> _Task statement_
Repeat every line of the data exactly, but not the pictures.

━━━ Available data

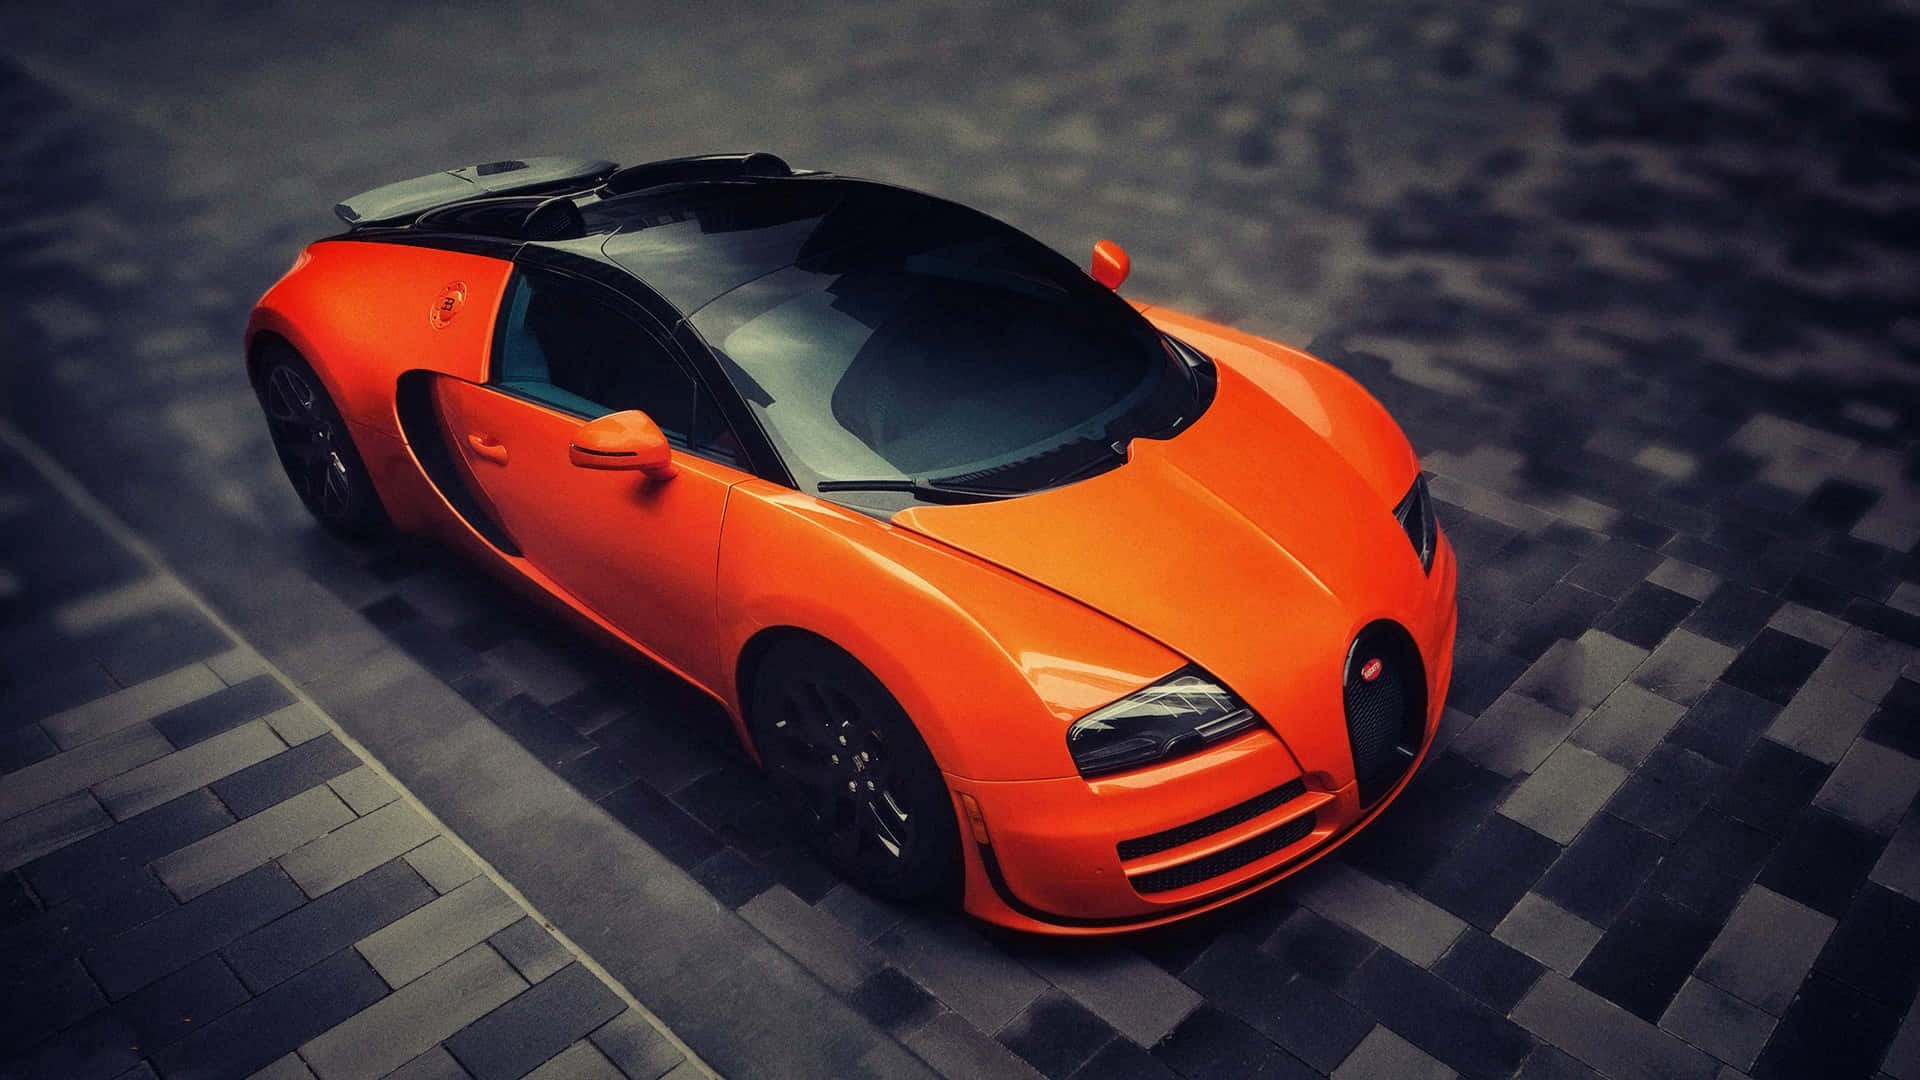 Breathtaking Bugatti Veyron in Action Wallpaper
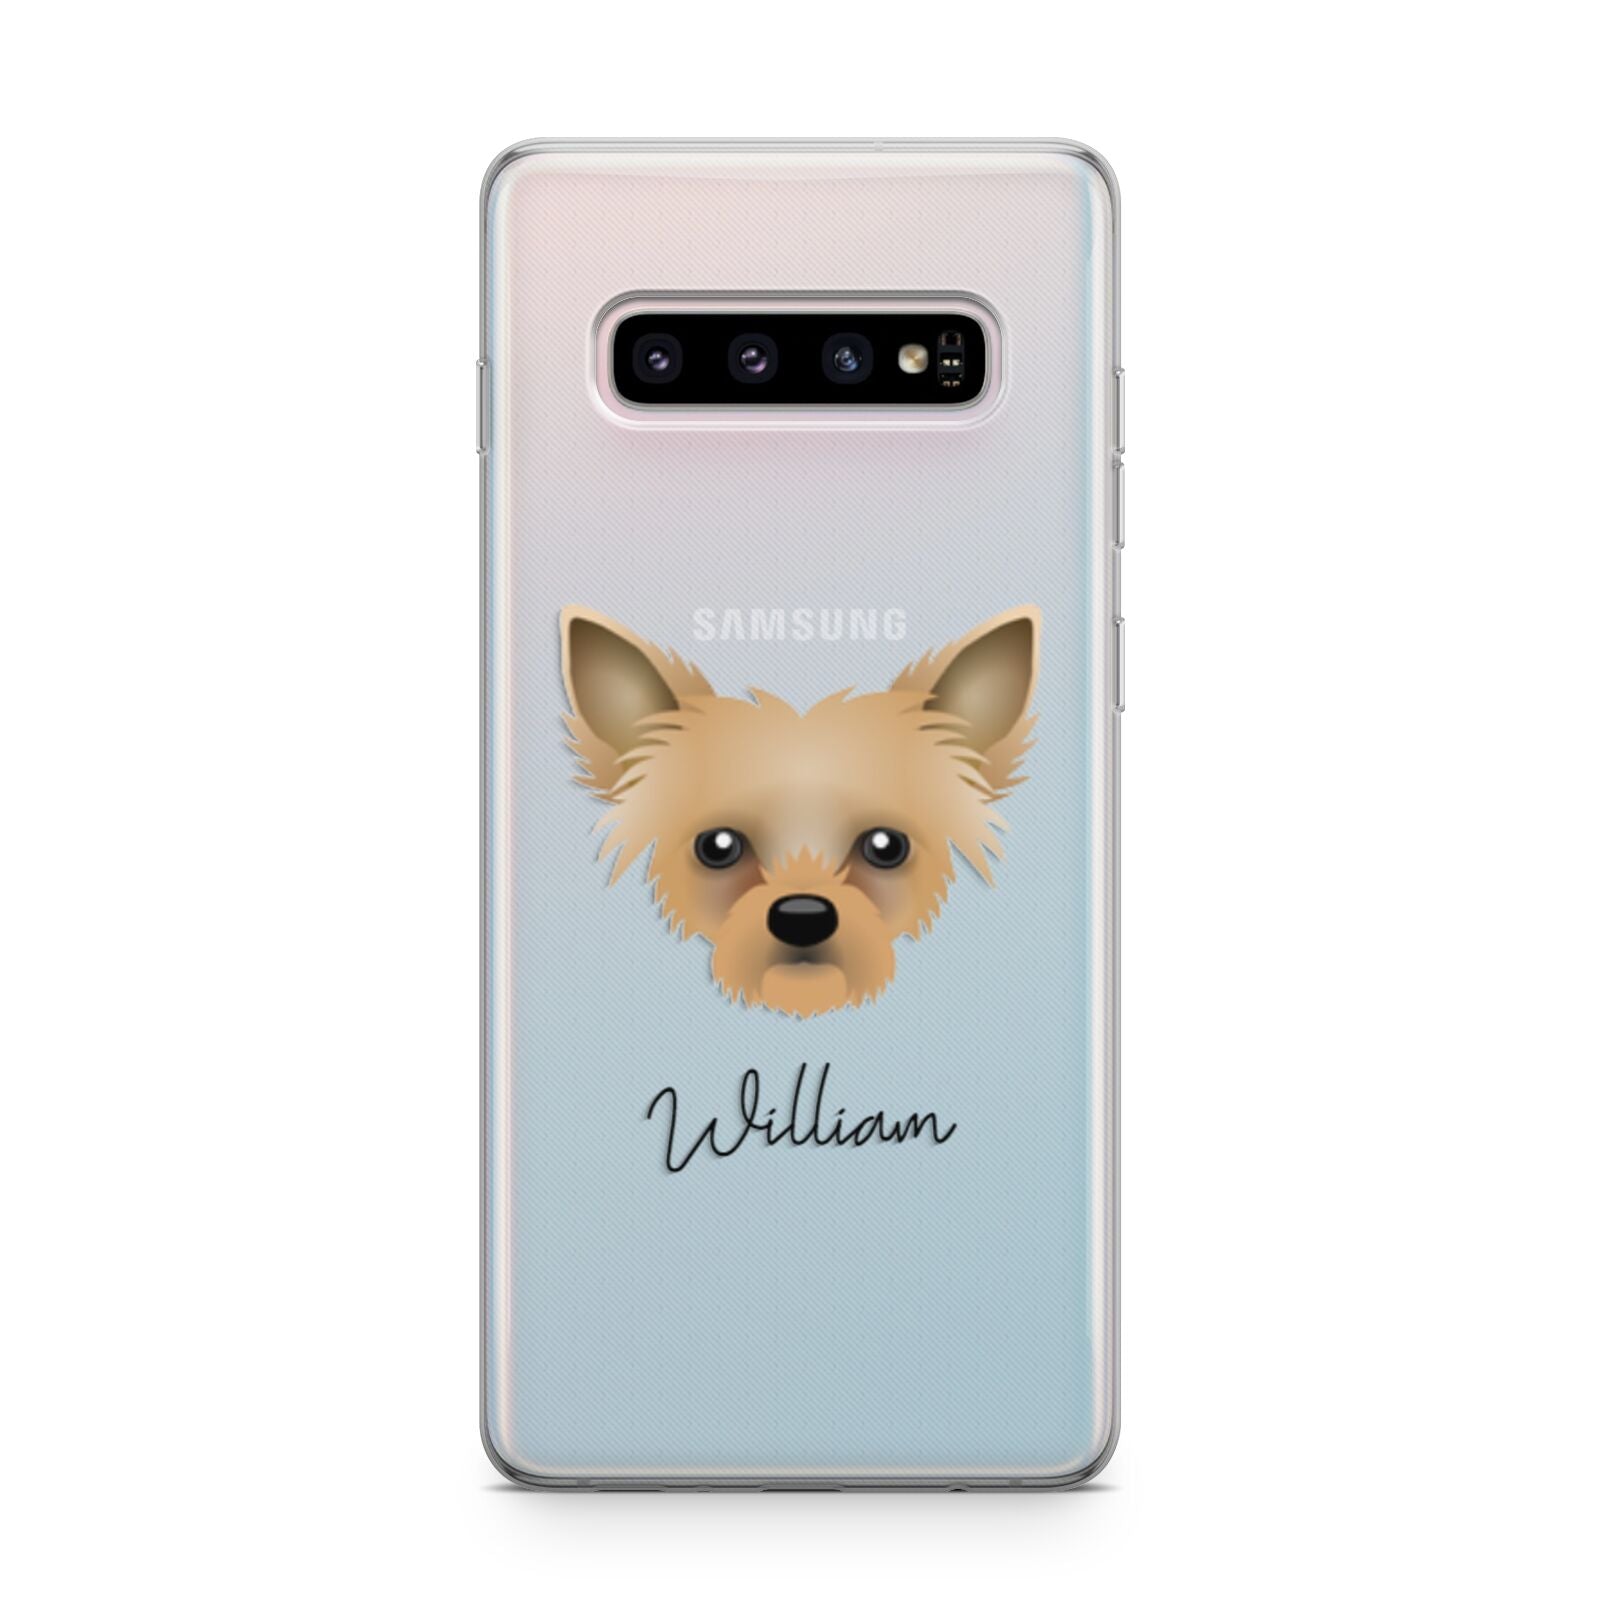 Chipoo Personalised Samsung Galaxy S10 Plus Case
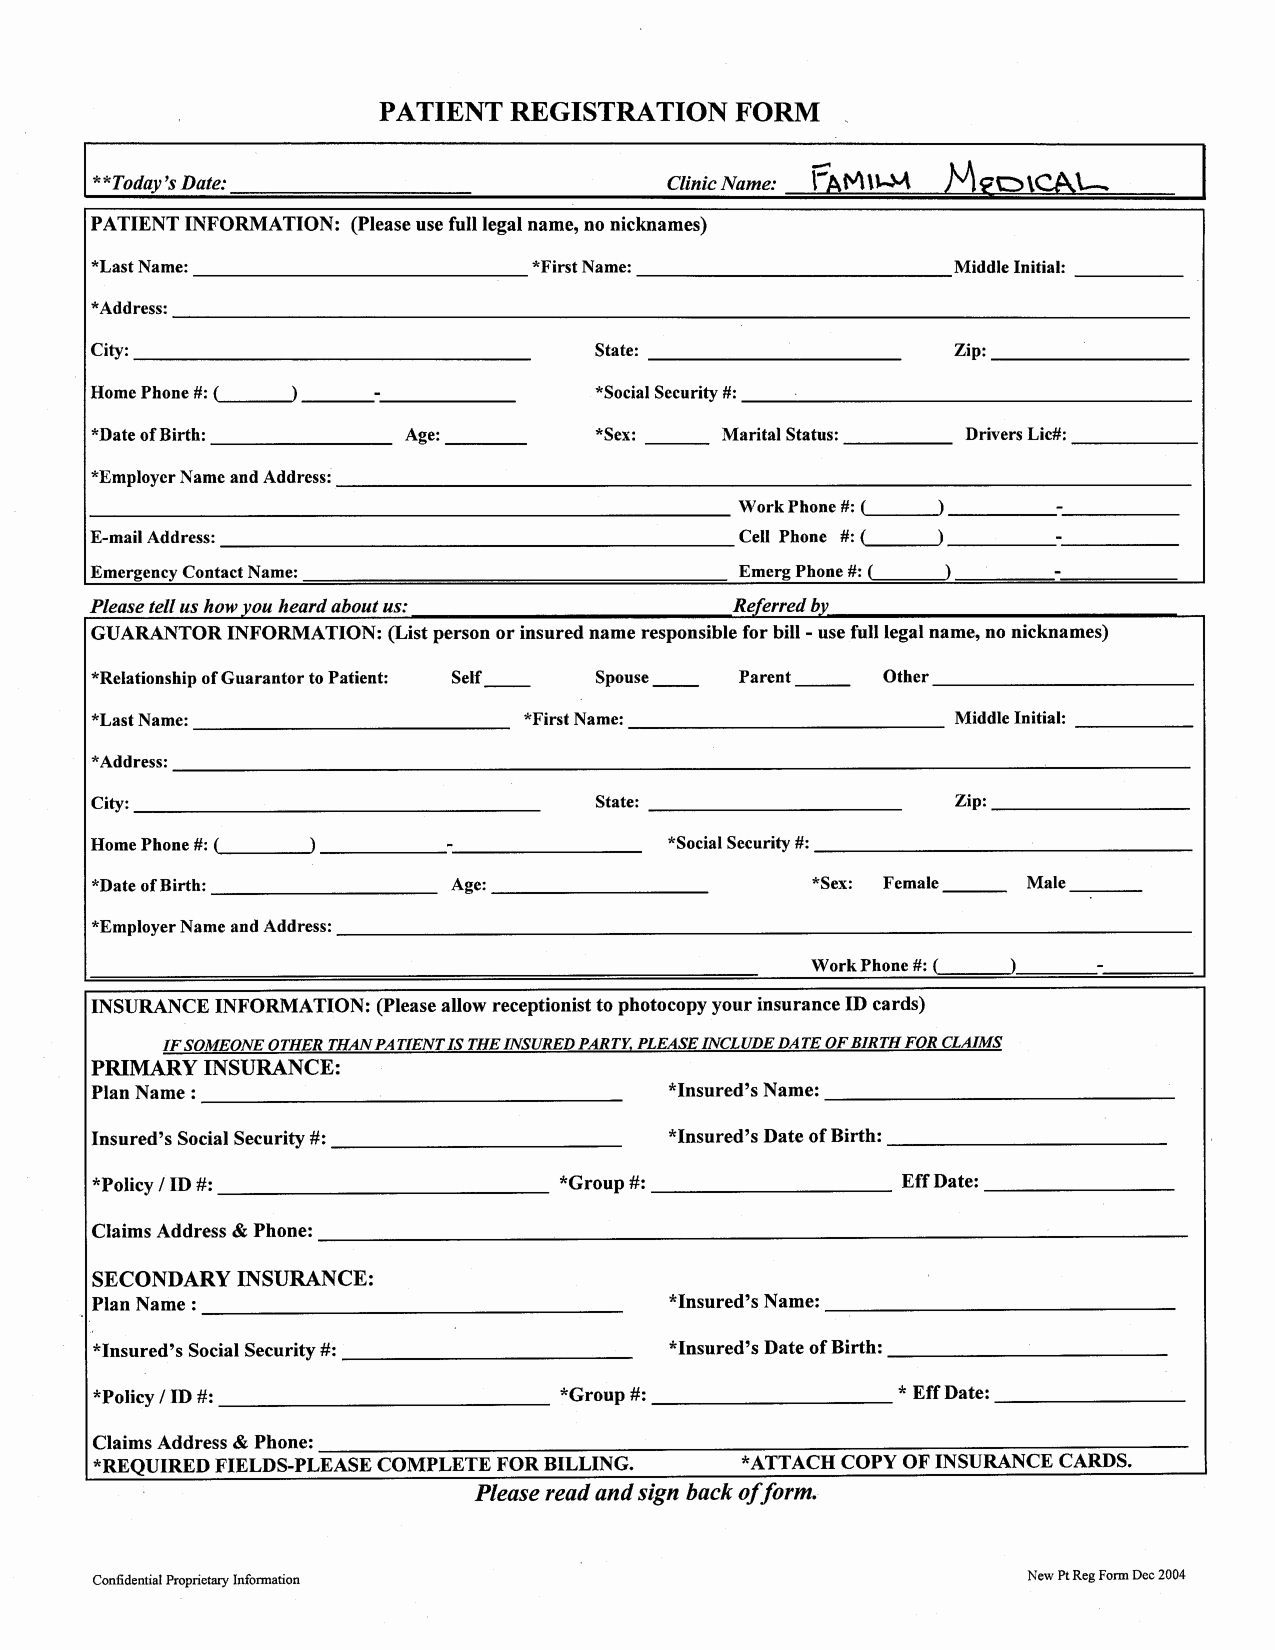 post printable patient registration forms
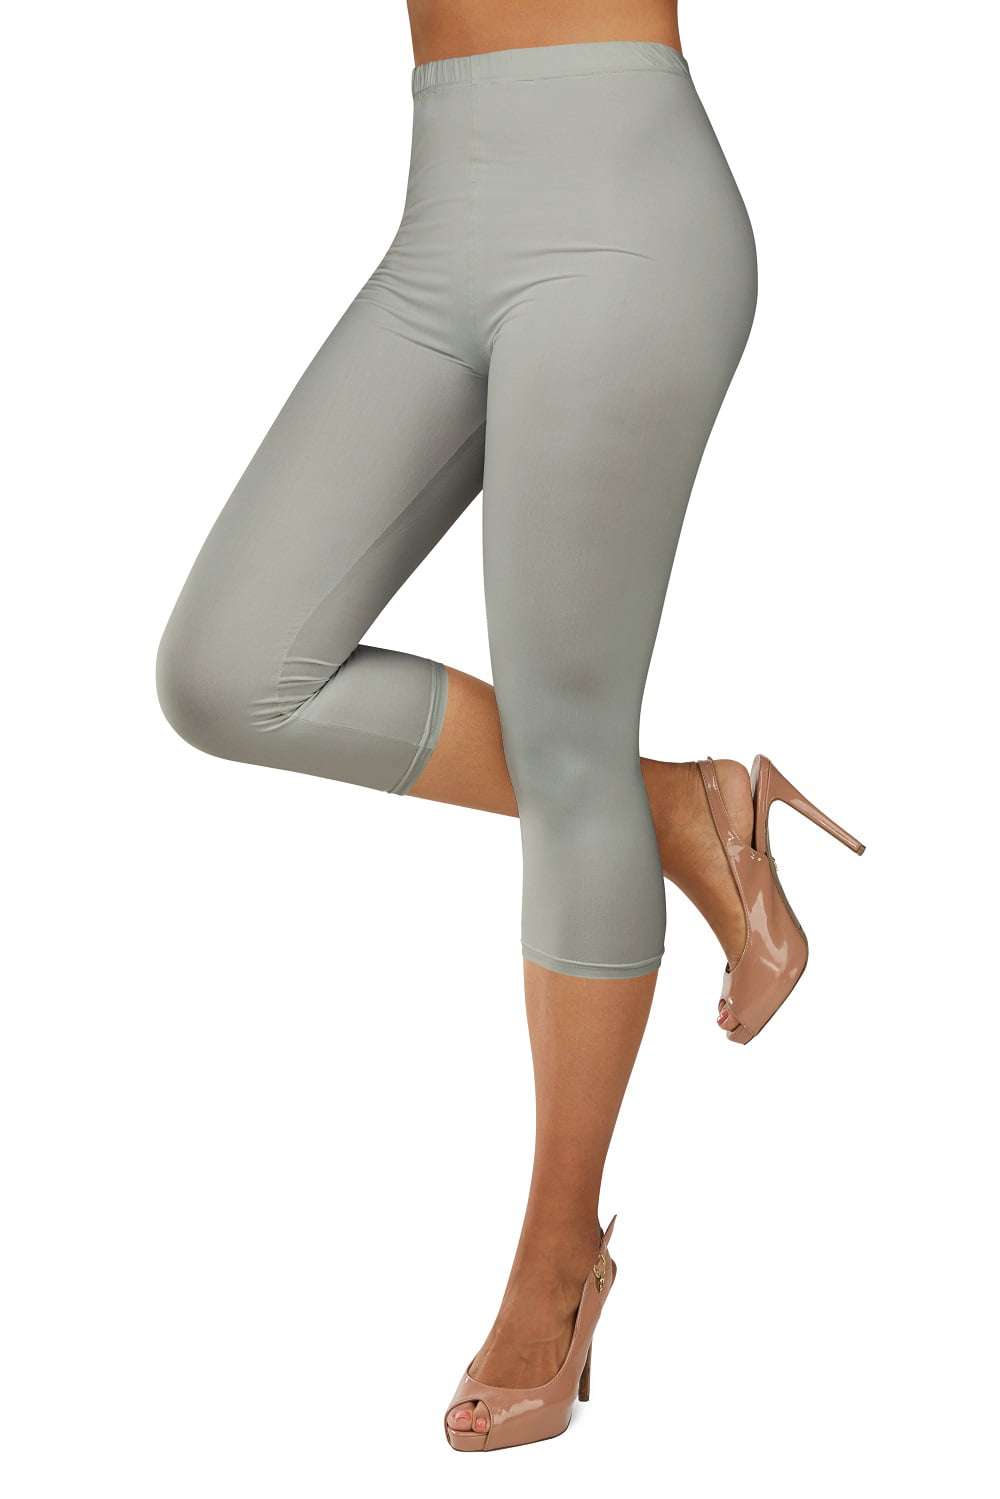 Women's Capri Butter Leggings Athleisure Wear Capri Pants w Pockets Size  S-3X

━━━━━━

> _Solution to this exercise_
 Breathtaking Bugatti Veyron in Action Wallpaper
 Chipoo Personalised Samsung Galaxy S10 Plus Case
 post printable patient registration forms
 Women's Capri Butter Leggings Athleisure Wear Capri Pants w Pockets Size  S-3X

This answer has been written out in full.